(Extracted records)
▼▼▼

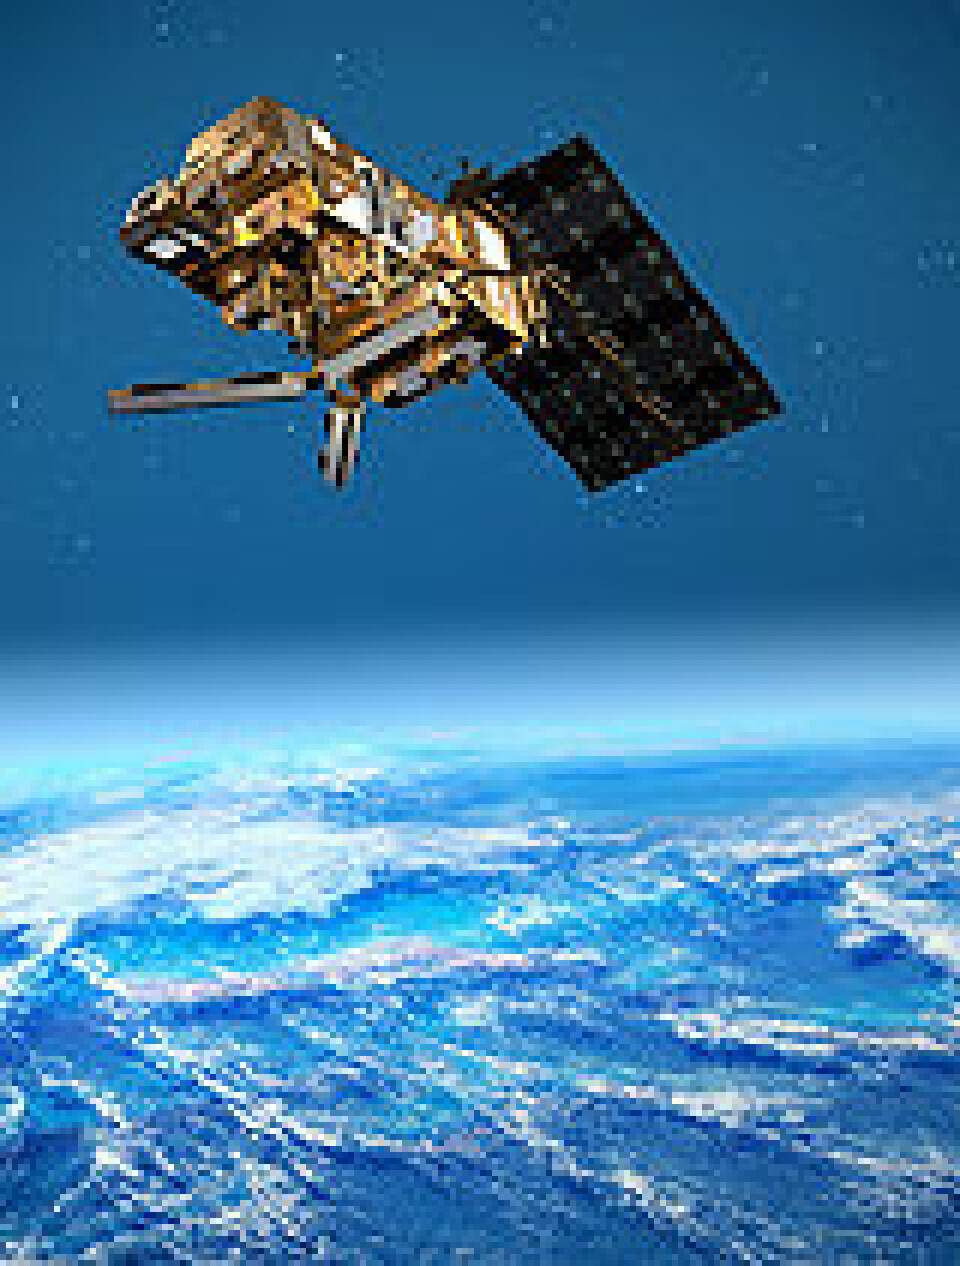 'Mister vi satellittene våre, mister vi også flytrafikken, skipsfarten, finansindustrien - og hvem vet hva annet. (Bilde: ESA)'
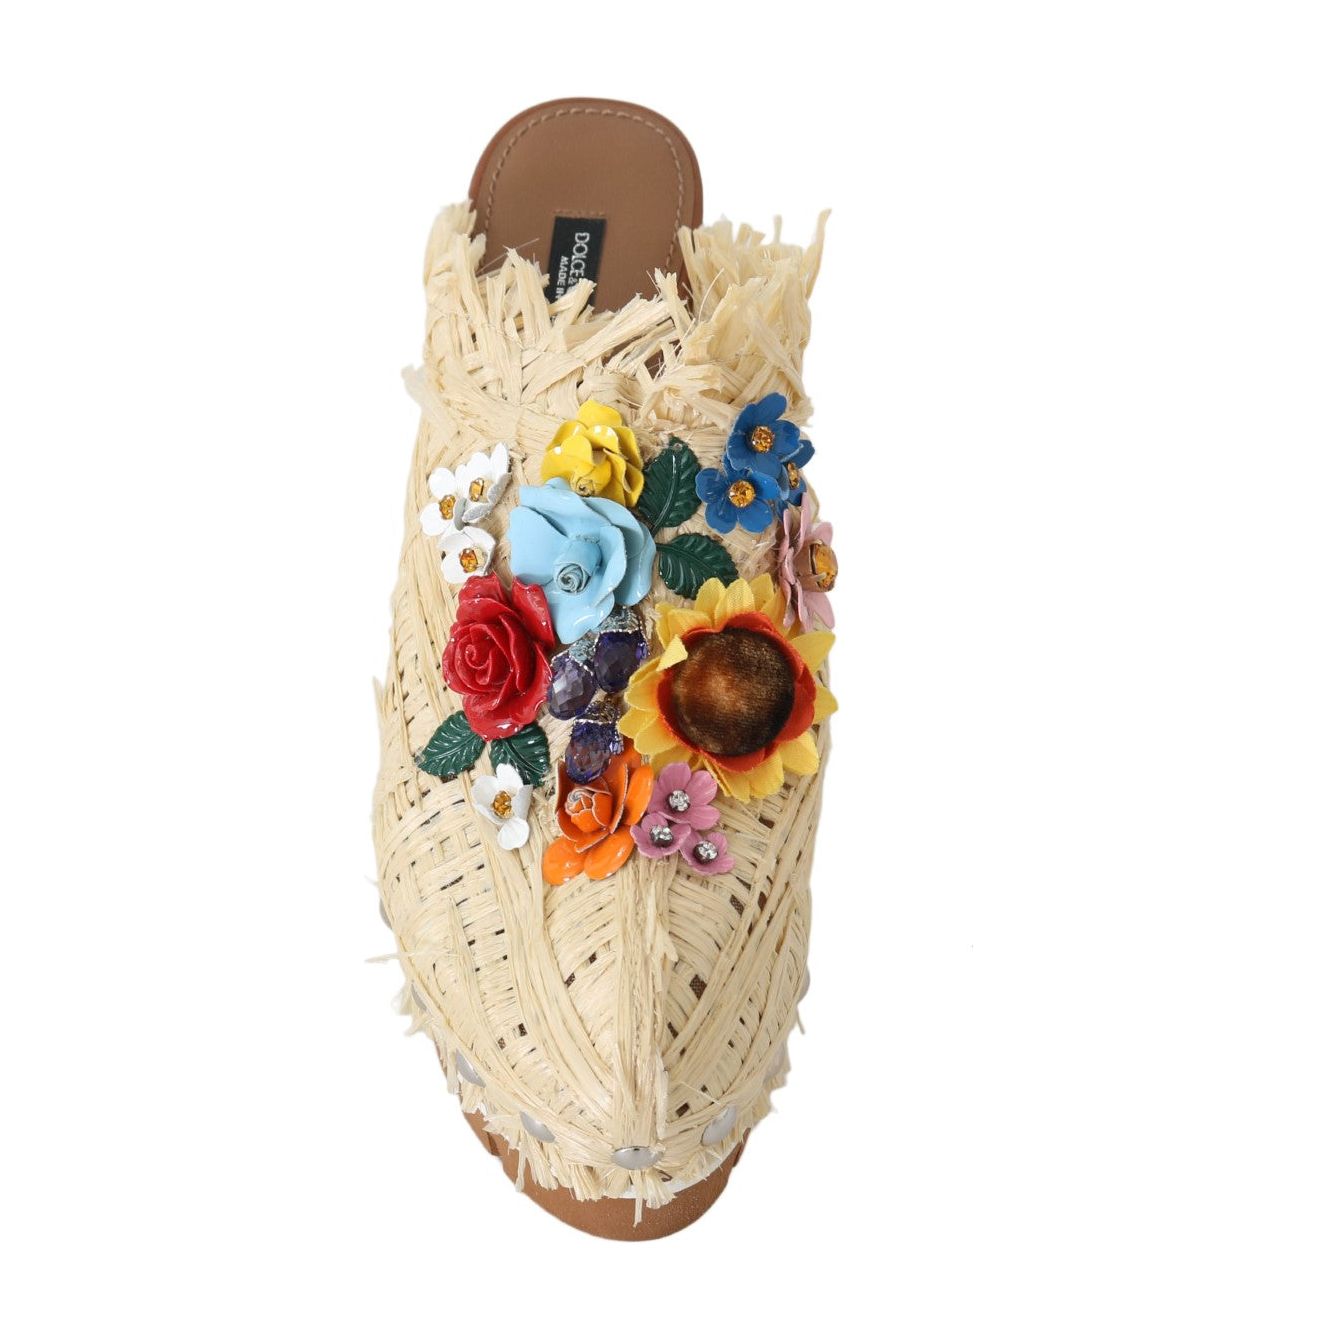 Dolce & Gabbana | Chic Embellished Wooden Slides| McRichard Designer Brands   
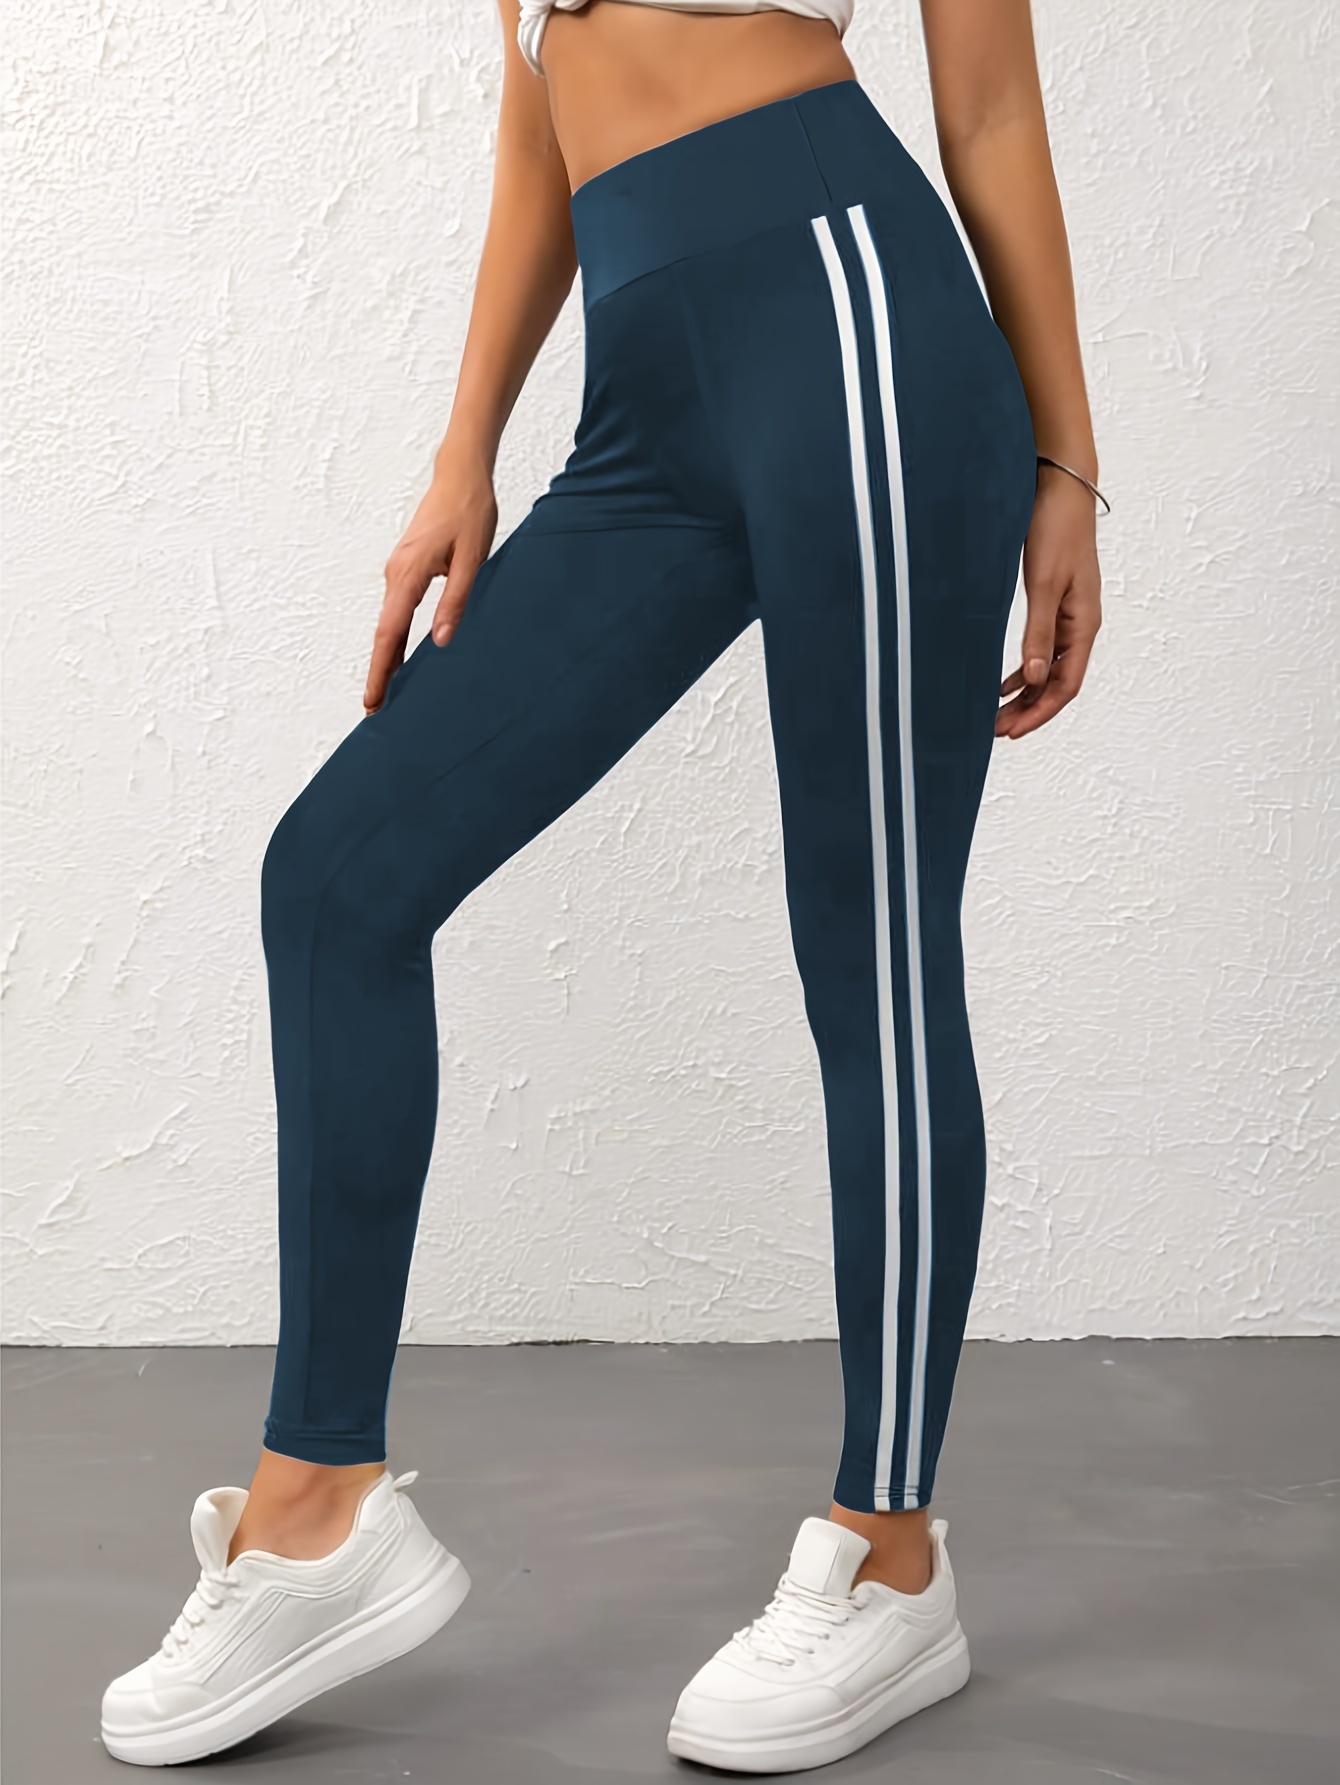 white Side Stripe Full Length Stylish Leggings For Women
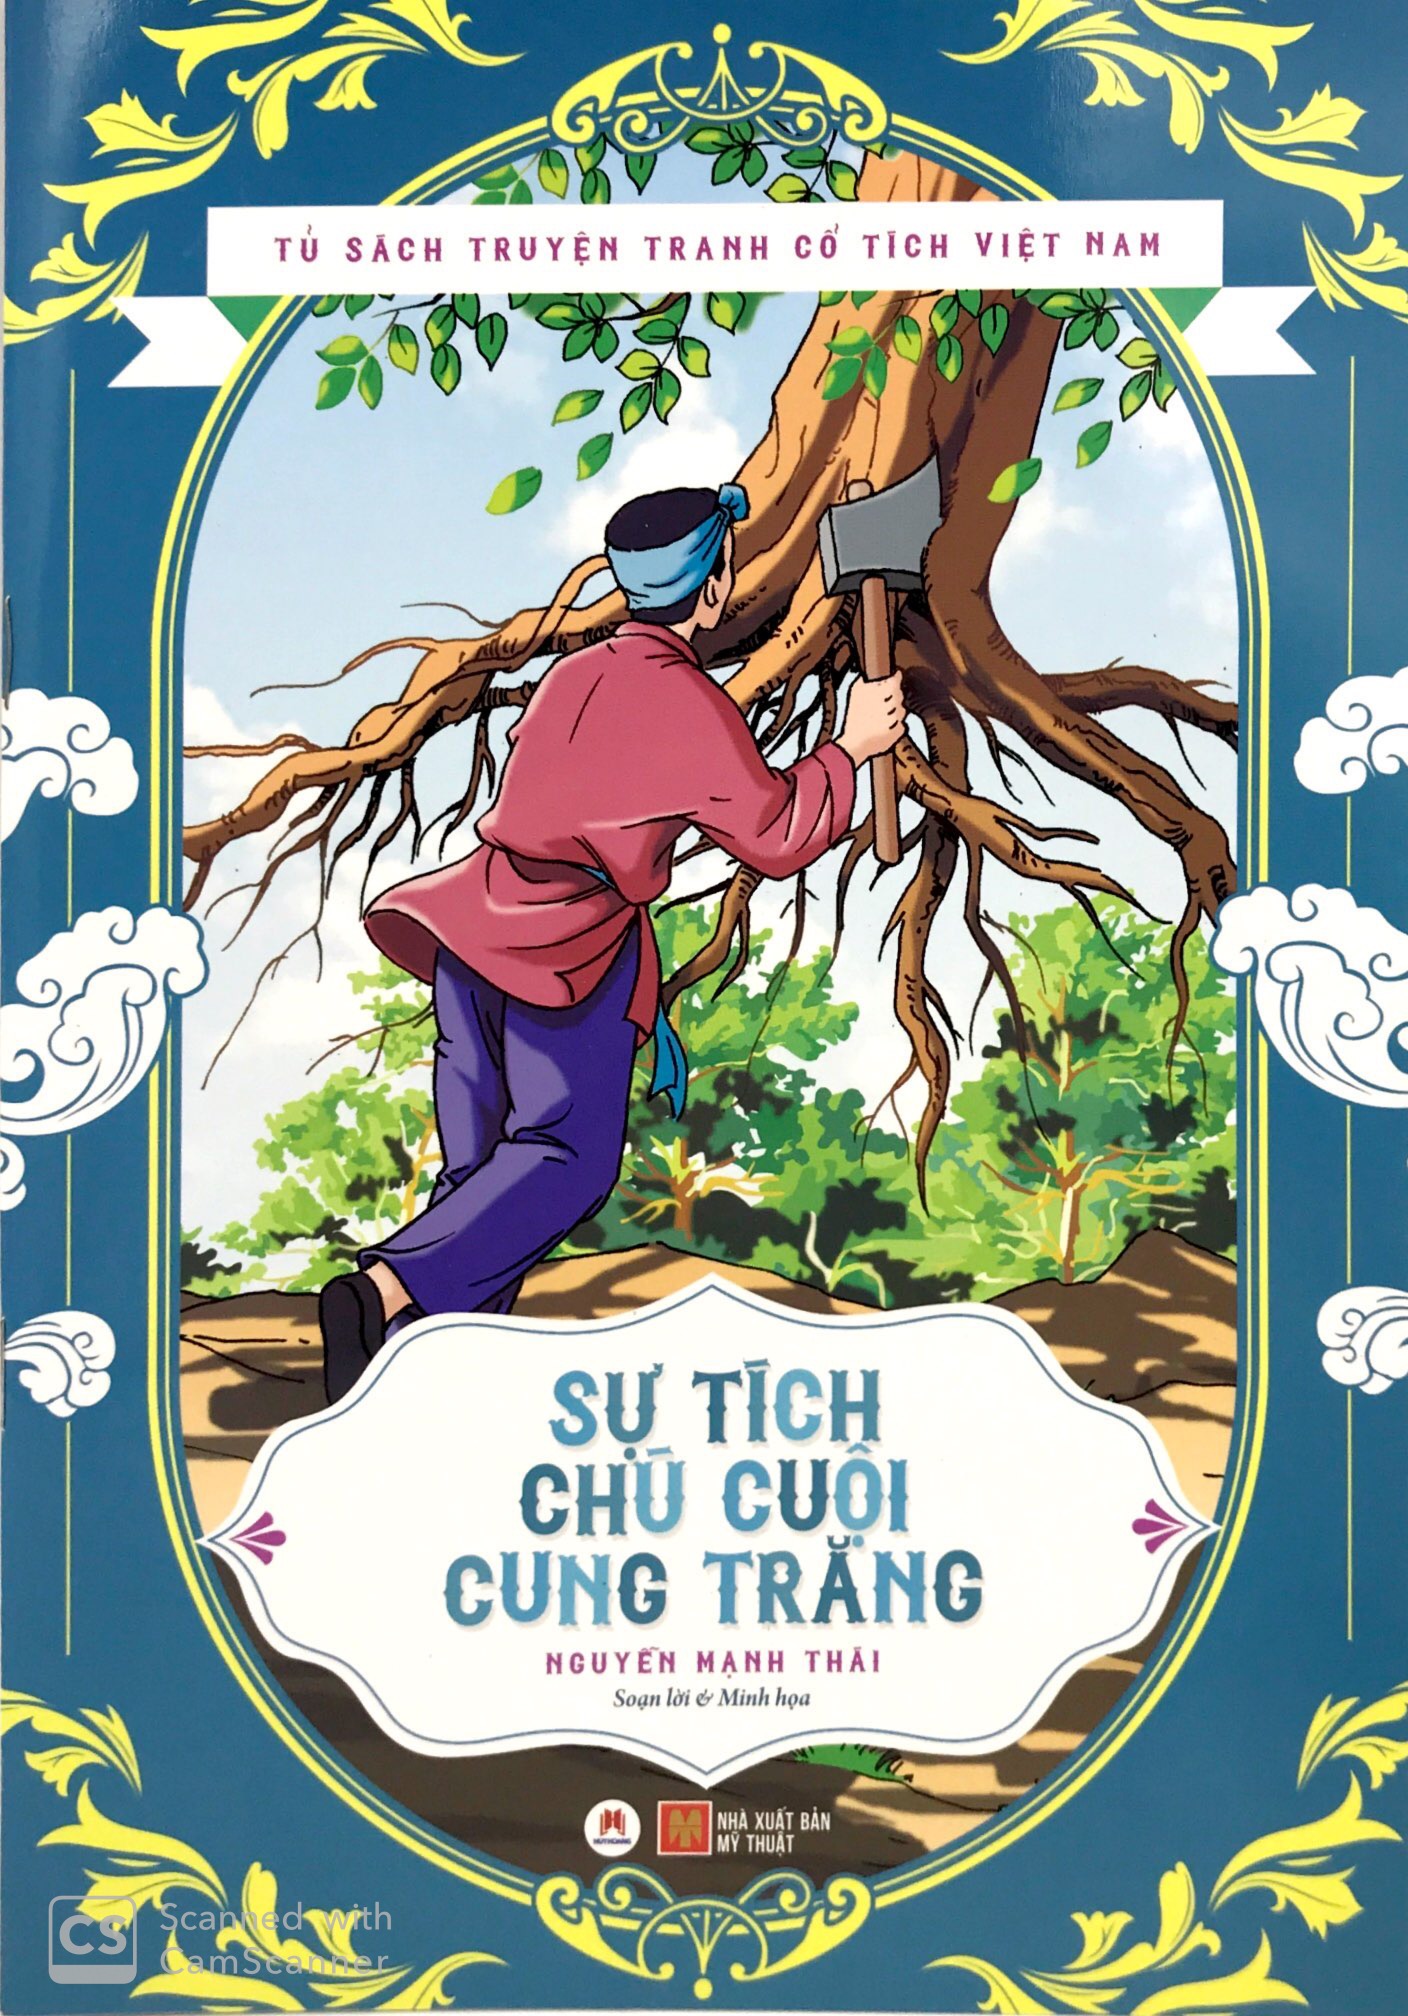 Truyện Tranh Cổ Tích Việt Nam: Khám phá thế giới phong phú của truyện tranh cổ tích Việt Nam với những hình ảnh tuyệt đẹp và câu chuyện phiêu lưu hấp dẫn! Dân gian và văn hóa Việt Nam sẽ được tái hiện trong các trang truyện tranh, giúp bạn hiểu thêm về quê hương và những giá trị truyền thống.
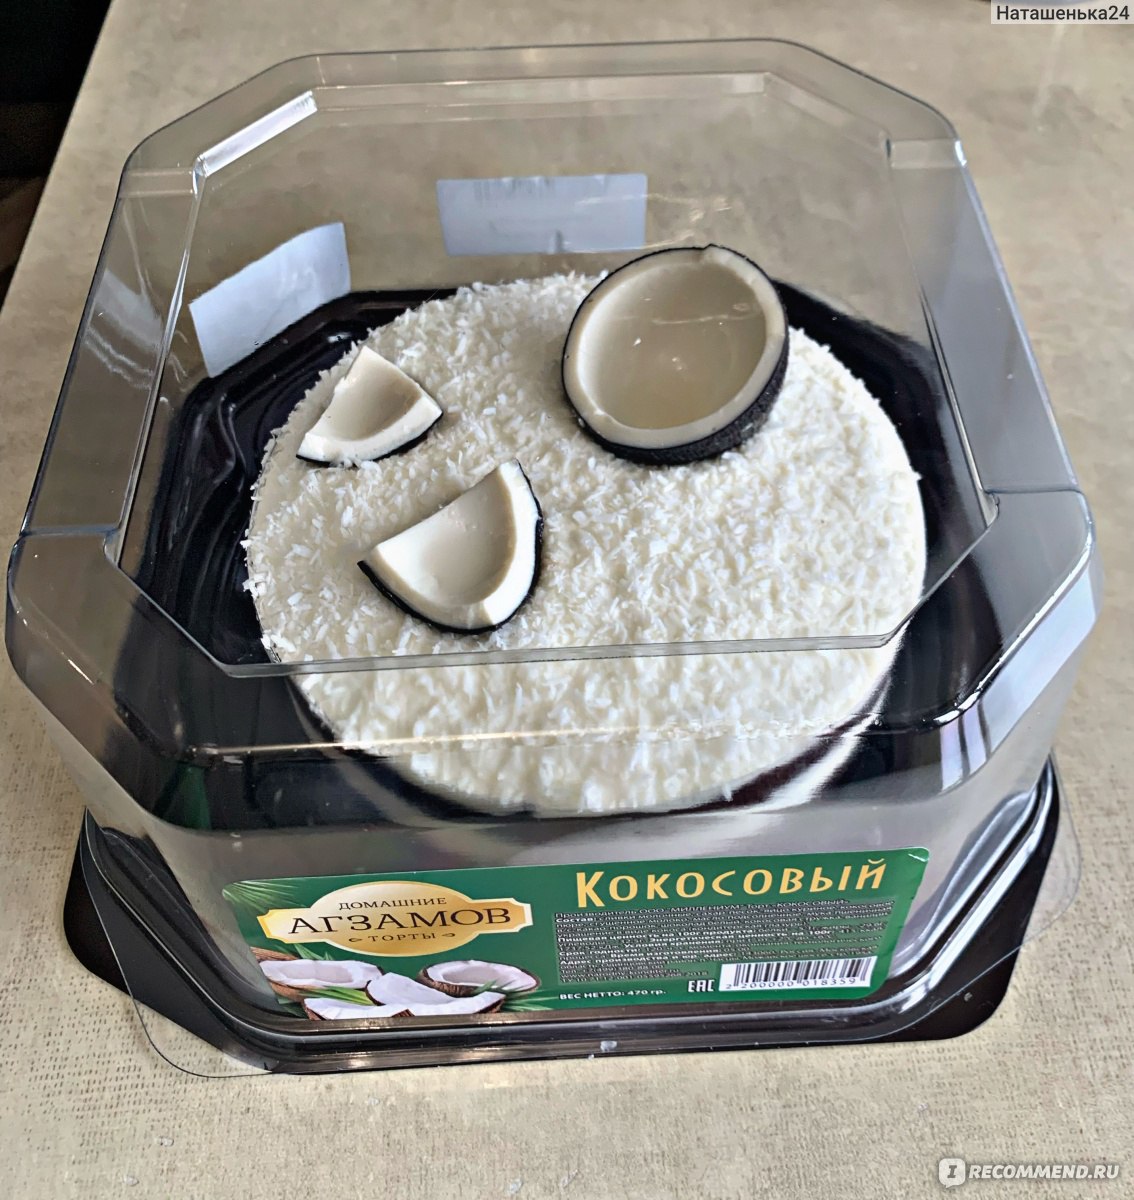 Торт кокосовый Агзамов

▲▲▲

= Description of the task =
From the line containing "Dolce & Gabbana" through the final line of the records, write out each line exactly, and include no pictures.

= Written response =
 Dolce & Gabbana | Chic Embellished Wooden Slides| McRichard Designer Brands   
 white Side Stripe Full Length Stylish Leggings For Women
 Truyện Tranh Cổ Tích Việt Nam: Khám phá thế giới phong phú của truyện tranh cổ tích Việt Nam với những hình ảnh tuyệt đẹp và câu chuyện phiêu lưu hấp dẫn! Dân gian và văn hóa Việt Nam sẽ được tái hiện trong các trang truyện tranh, giúp bạn hiểu thêm về quê hương và những giá trị truyền thống.
 Торт кокосовый Агзамов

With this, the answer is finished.